Probing Mechanical Reasoning in Large Vision Language Models

Haoran Sun,Qingying Gao,Haiyun Lyu,Dezhi Luo,Hokin Deng,Yijiang Li
2024-10-01
Abstract:Mechanical reasoning is a fundamental ability that sets human intelligence apart from other animal intelligence. Mechanical reasoning allows us to design tools, build bridges and canals, and construct houses which set the foundation of human civilization. Embedding machines with such ability is an important step towards building human-level artificial intelligence. Recently, Li et al. built CogDevelop2K, a data-intensive cognitive experiment benchmark for assaying the developmental trajectory of machine intelligence (Li et al., 2024). Here, to investigate mechanical reasoning in Vision Language Models, we leverage the MechBench of CogDevelop2K, which contains approximately 150 cognitive experiments, to test understanding of mechanical system stability, gears and pulley systems, seesaw-like systems and leverage principle, inertia and motion, and other fluid-related systems in Large Vision Language Models. We observe diverse yet consistent behaviors over these aspects in VLMs.
Artificial Intelligence,Neurons and Cognition
What problem does this paper attempt to address?

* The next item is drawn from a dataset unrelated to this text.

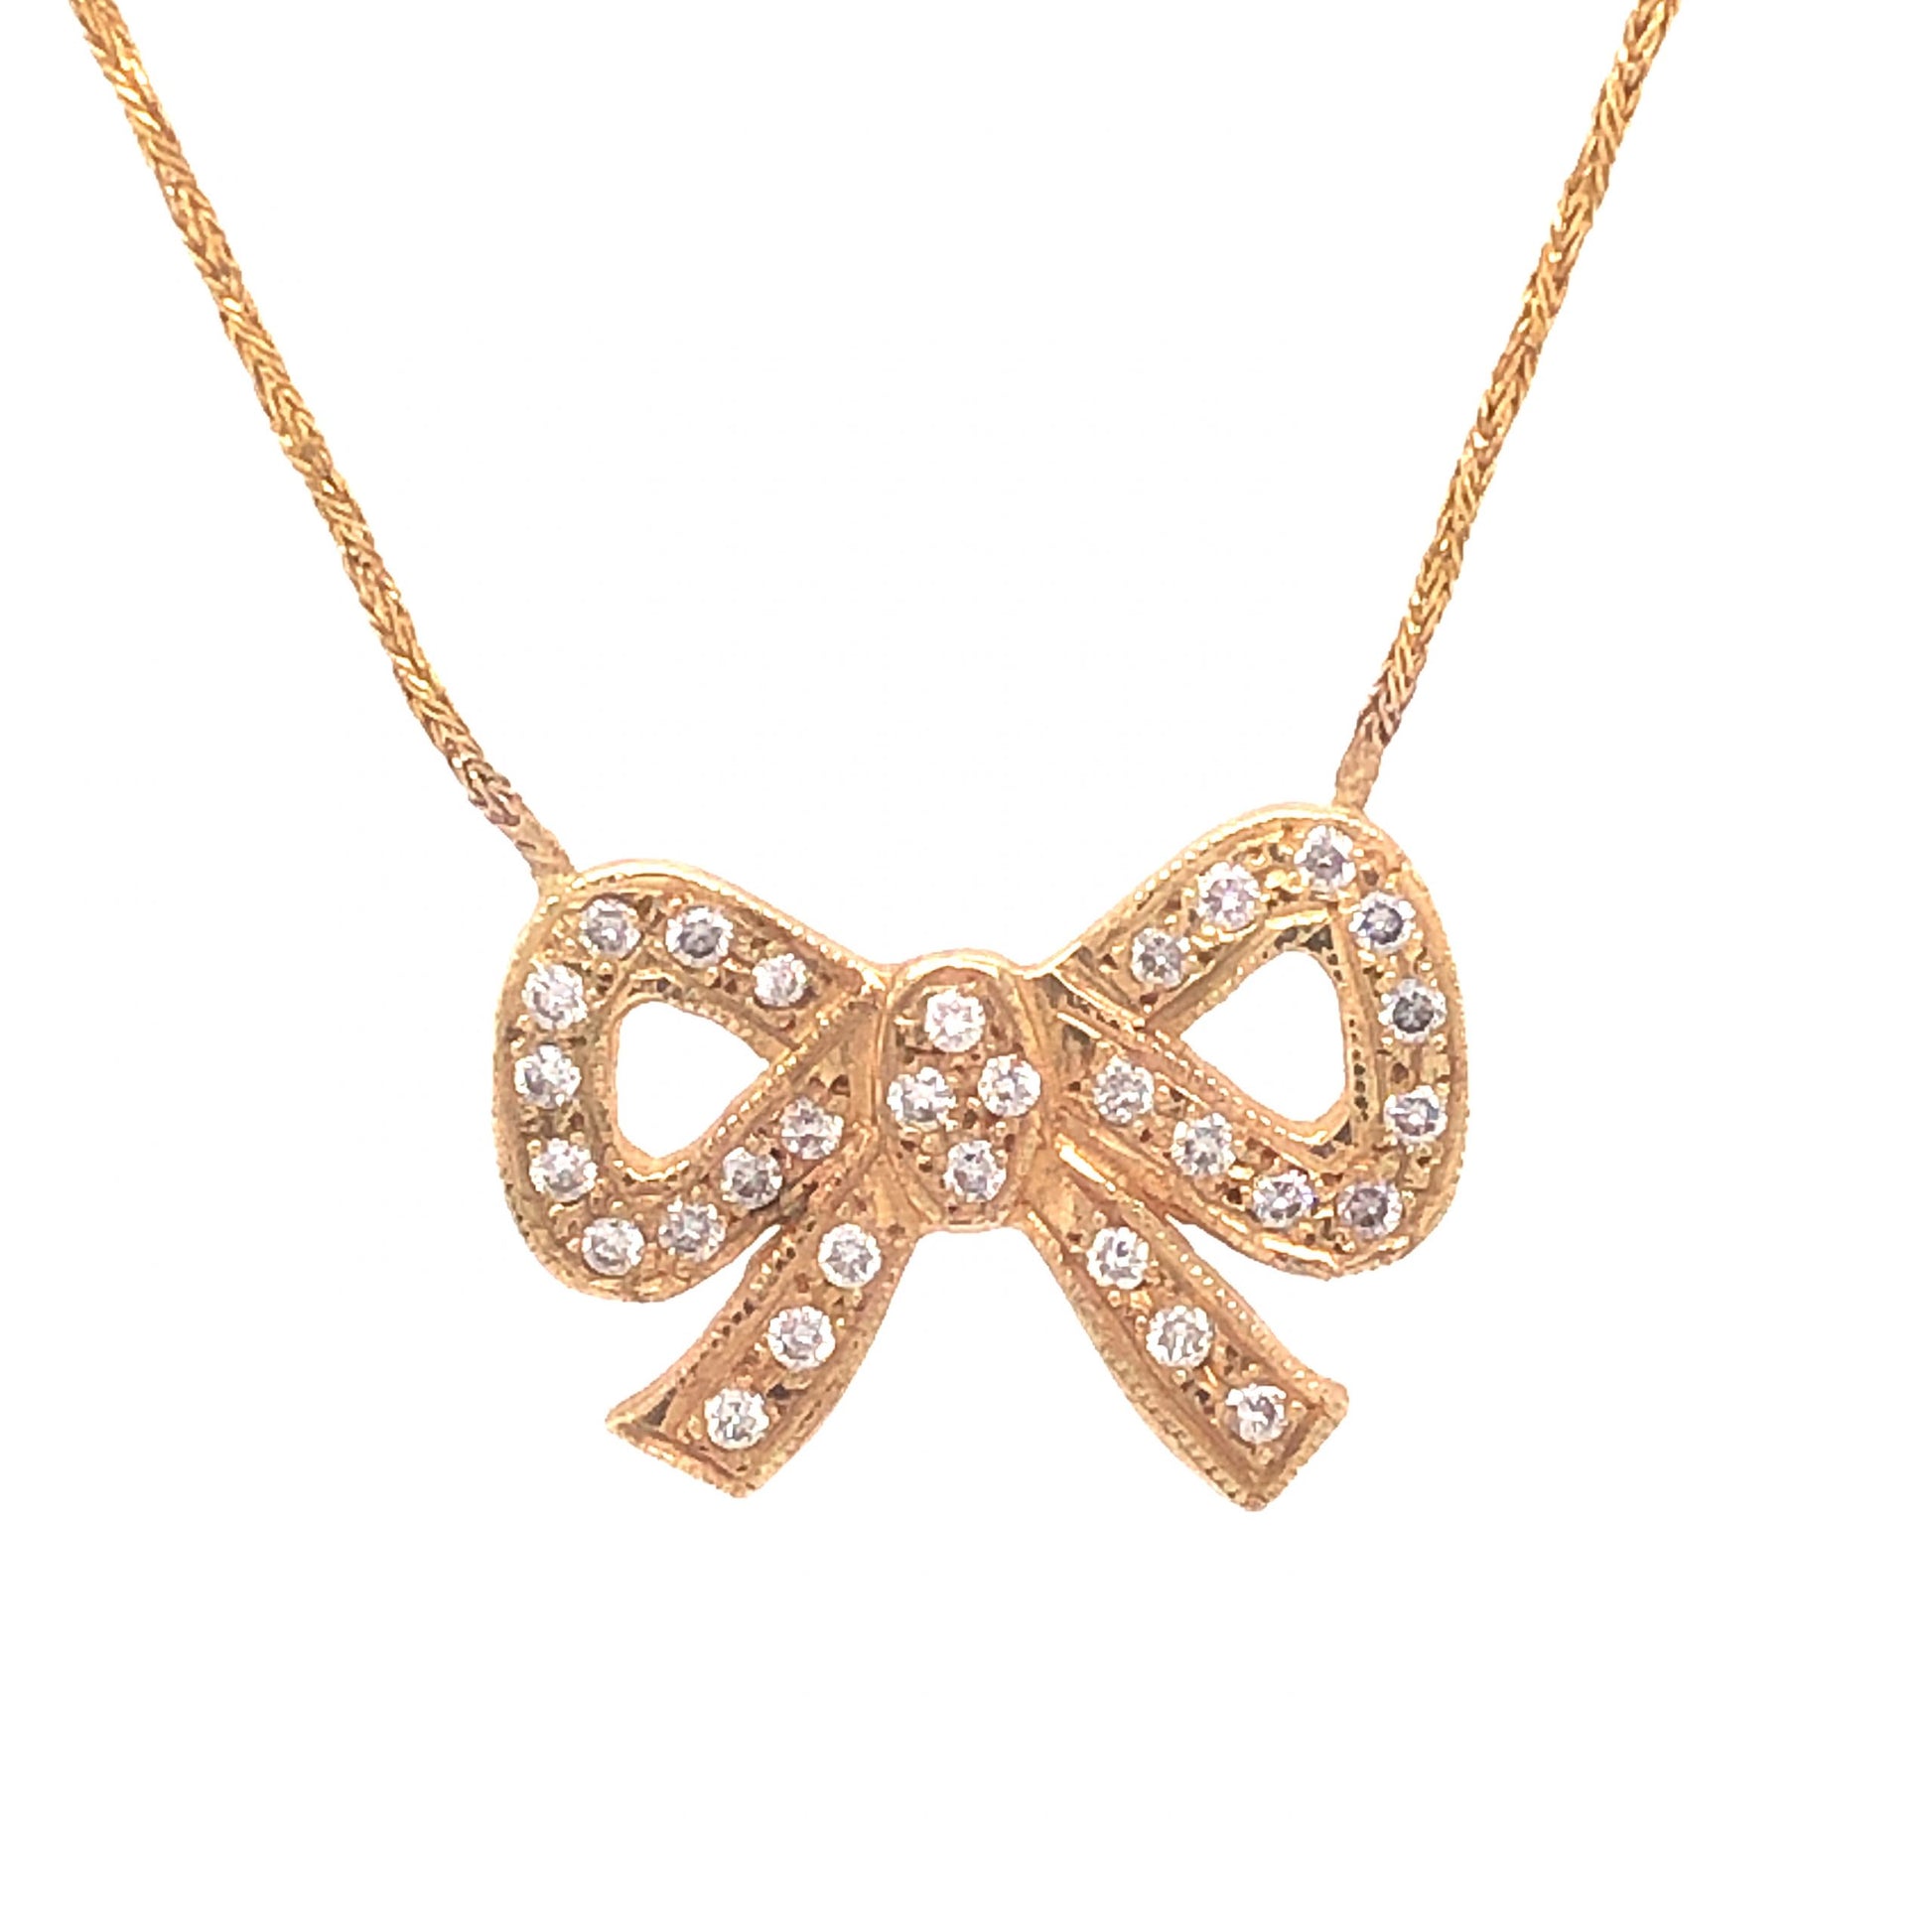 Diamond Bow Pendant Necklace in 10K Yellow Gold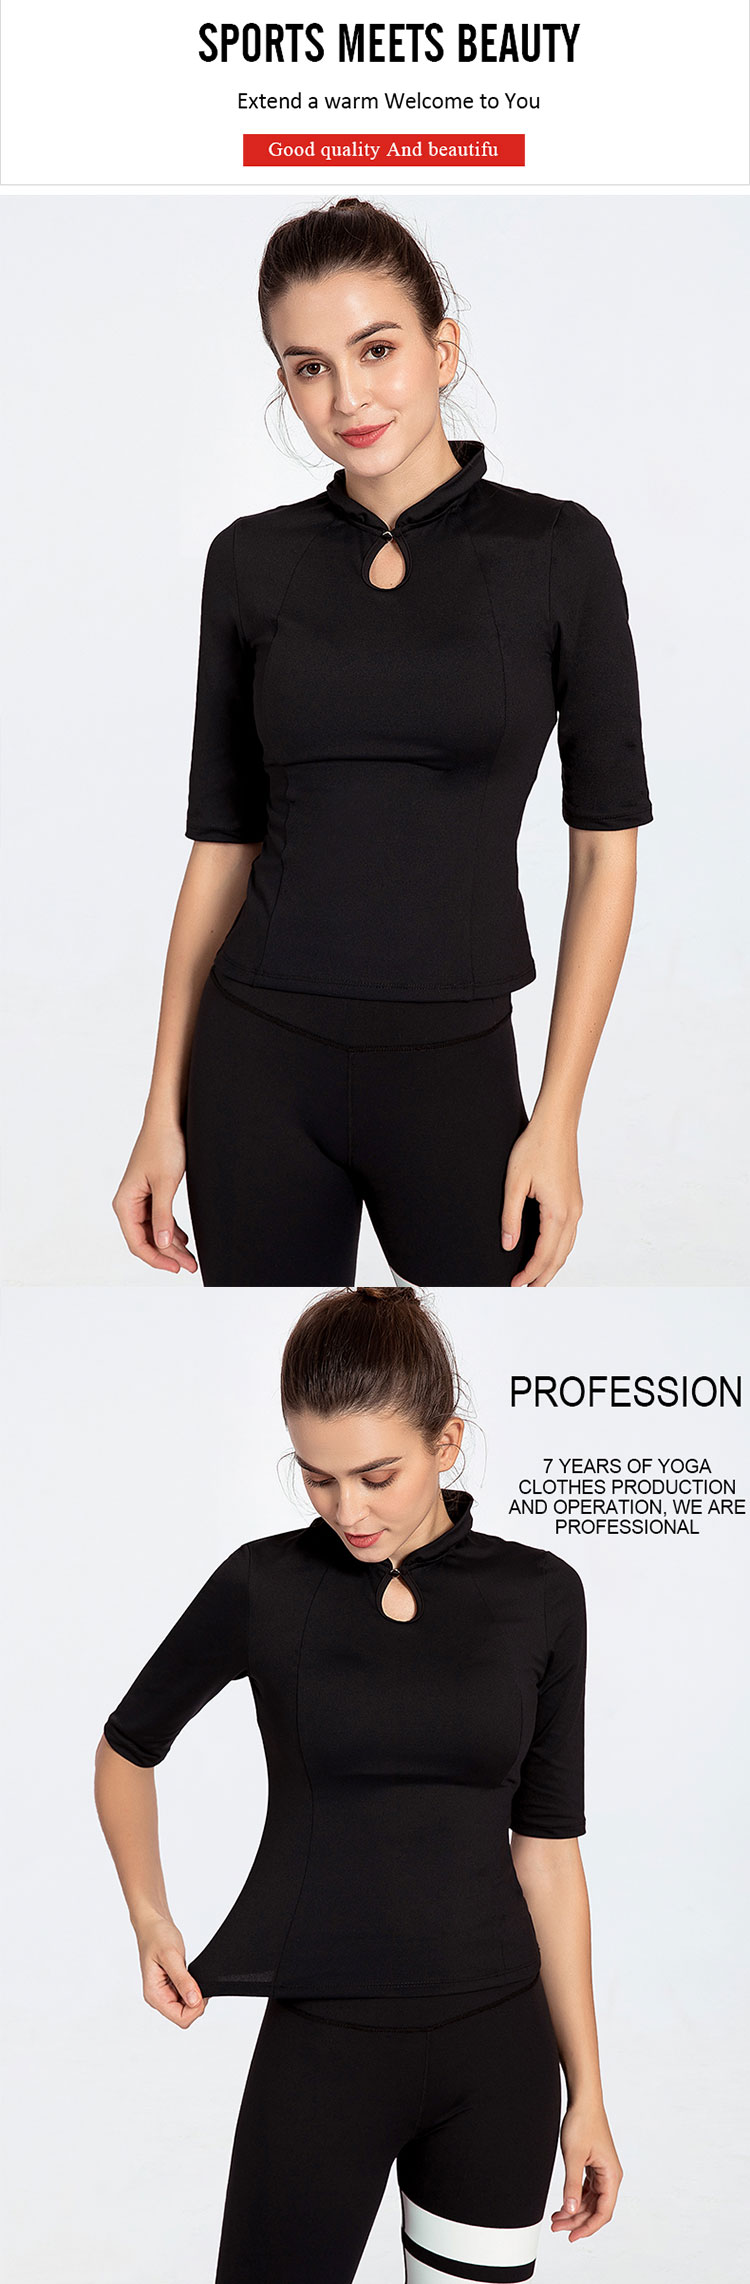 Profession-7-years-of-yoga-clothes-production-and-operation.-we-are-professional

The problem that this paper attempts to solve is to evaluate the capabilities of large - scale Vision Language Models (VLMs) in mechanical reasoning. Specifically, the author utilizes MechBench in CogDevelop2K, which is a data set containing approximately 150 cognitive experiments, to test the VLMs' comprehension abilities in the following aspects: 1. **Mechanical system stability**: For example, determining which objects are more likely to tip over or remain stable. 2. **Pulley systems**: For example, determining which pulley system requires the least effort to lift a heavy object. 3. **Gear systems**: For example, determining how the rotation direction of one gear affects the rotation direction of another gear. 4. **Seesaw systems and the principle of the lever**: For example, determining how to adjust the position to balance the seesaw. 5. **Inertia and motion**: For example, determining the motion state of an object under different conditions. 6. **Fluid mechanics**: For example, determining the behavior of a fluid system. Through these experiments, the author hopes to understand the performance of current VLMs in handling these mechanical reasoning tasks and the differences between their performance and that of humans in these tasks. This helps to reveal the advantages and limitations of VLMs in mechanical reasoning, thereby providing a basis for further improving these models.